Another relatively new minimally-invasive approach to hip replacement that has gained popularity over the past decade is the Direct Anterior Approach. In 2014, an assessment of the two approaches was done by an independent evaluator from the Mayo Clinic, and the findings showed that the Direct Superior Approach produced 60 times less muscle damage during the surgery compared to the Direct Anterior Approach.

Susan Jo Paquin of Palm Springs has seen the results firsthand. She had her left hip replaced via a traditional open procedure by another surgeon in October 2013. She had her right hip replaced by Dr. Roger via the Direct Superior Approach just a few months later in June of 2014.

“It’s interesting to have this other surgery and the comparison to this one,” said Paquin. “I woke up and asked, ‘Did he do the operation?’ I had no pain.”

“In 10 days of this recovery, I am feeling better than four months of my other hip,” she said.

“I was up and walking the next day after the surgery,” she said. “I was thrilled.”

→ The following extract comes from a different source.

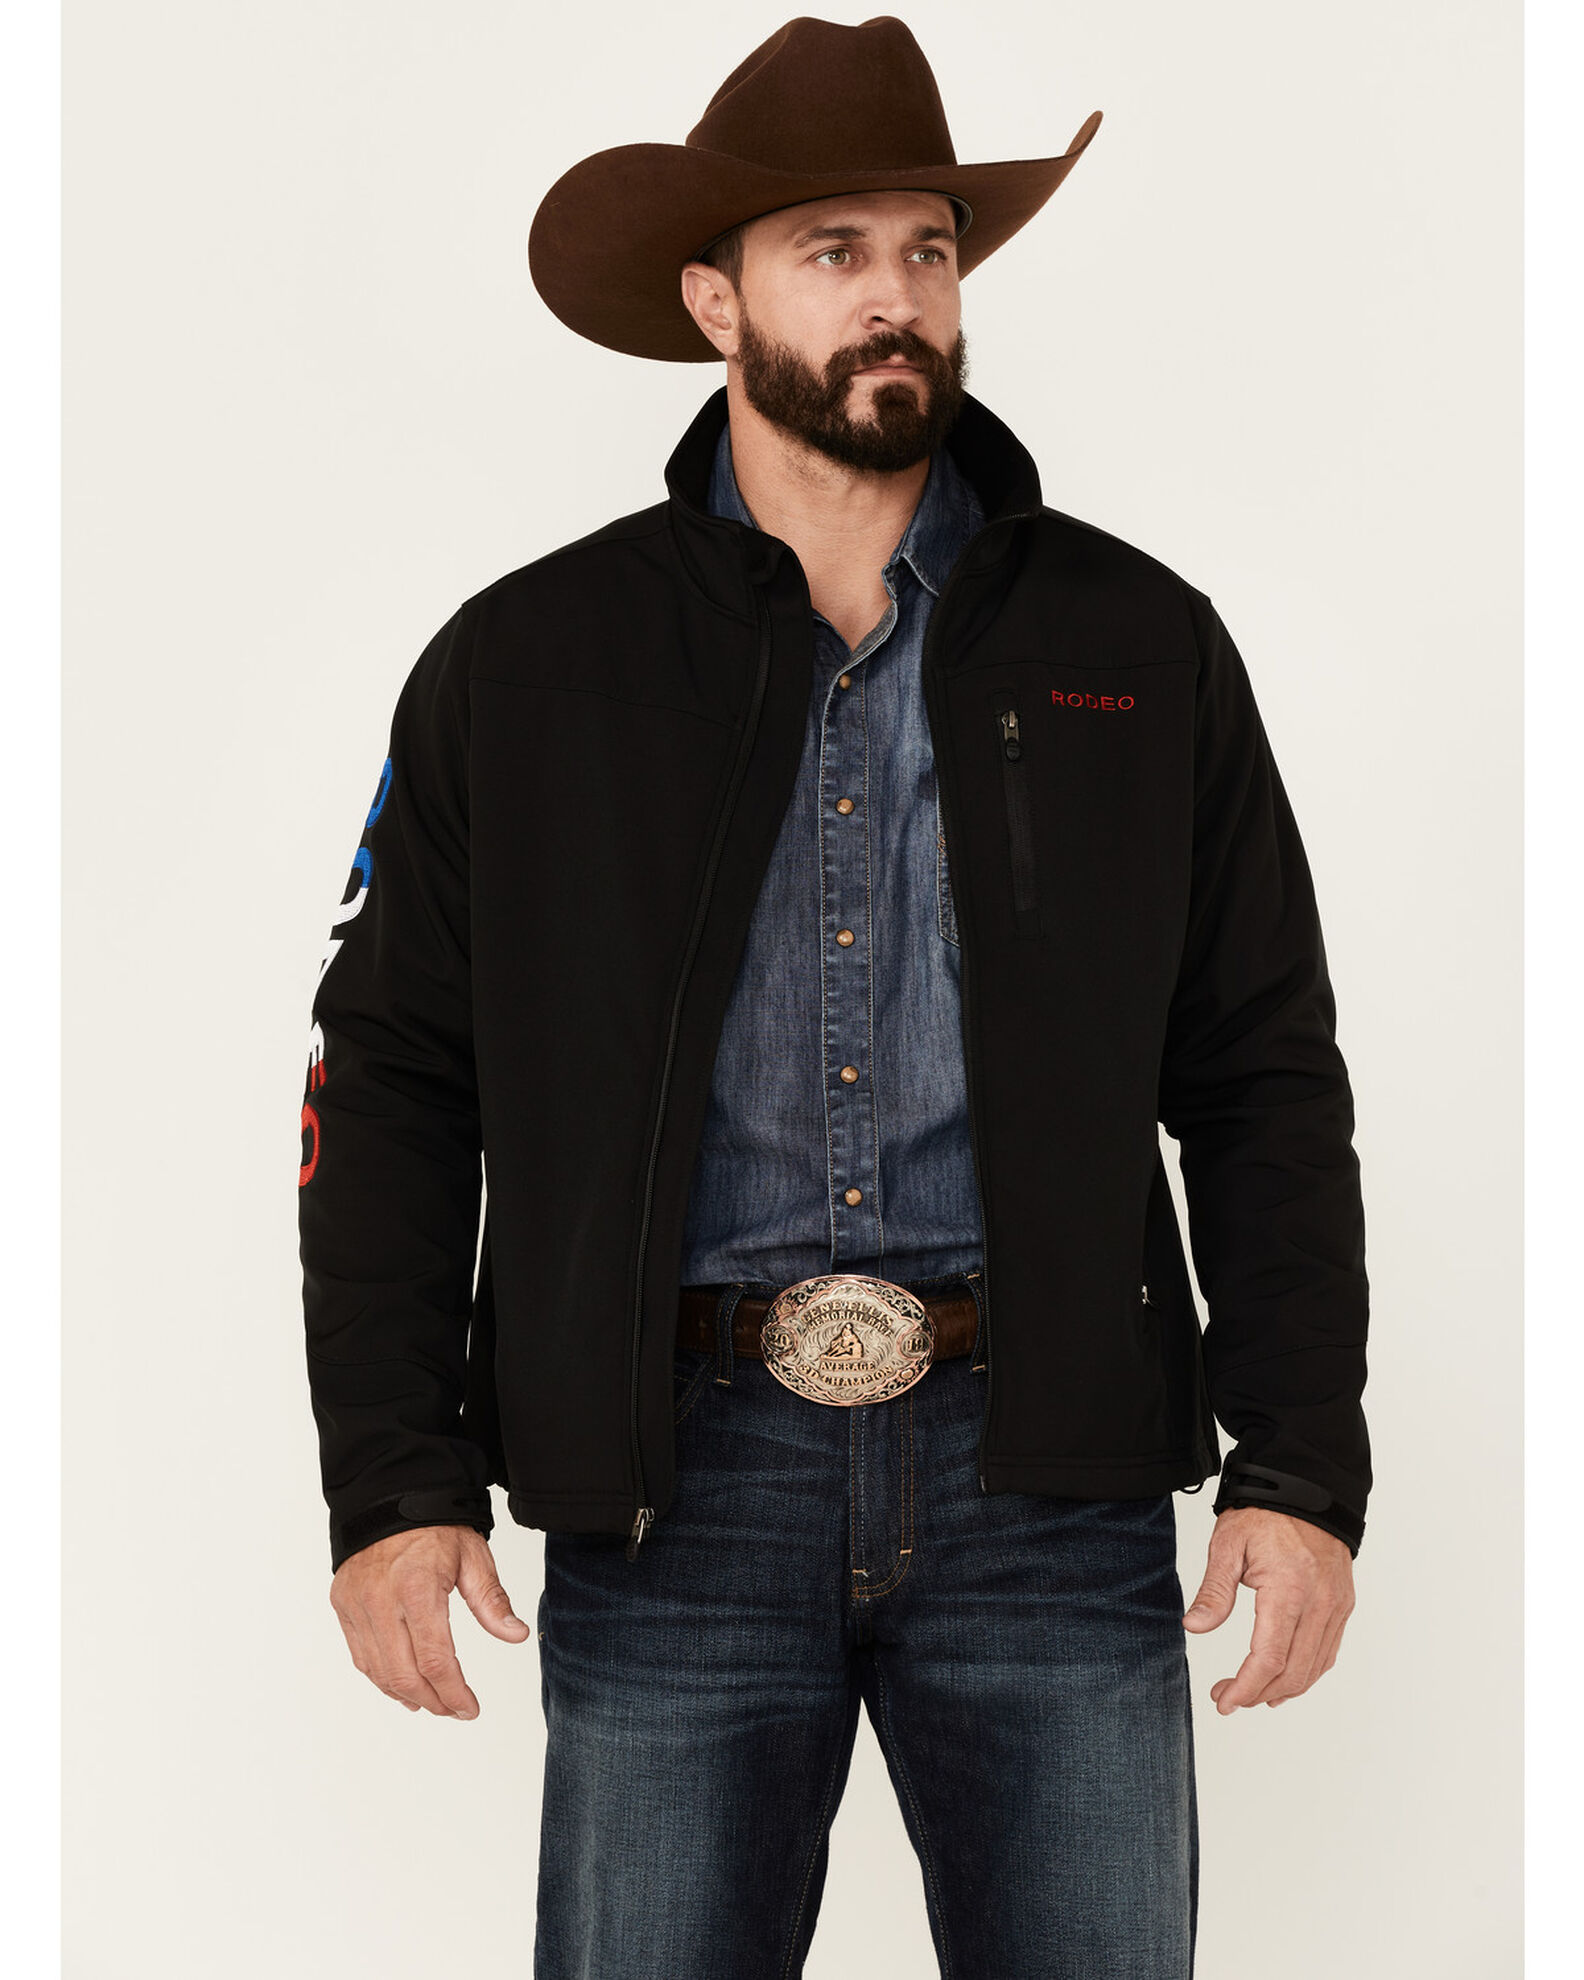 Rodeo Clothing Men's Embroidered USA Logo Zip-Front Softshell Jacket

Paquin also appreciated that the right hip only has a small scar on the right buttock. “The other scar was vertical and goes five inches below the panty line. It’s not that I’m a Victoria’s Secret model, but I swim and I’m not at the skirt stage of bathing suits.”

Desert Regional Medical Center has received Joint Replacement Certification by the Joint Commission – an independent organization that accredits and certifies more than 20,000 health care organizations and programs in the United States. The hospital also received a specialty award from Healthgrades as one of America’s 100 Best in Joint Replacement.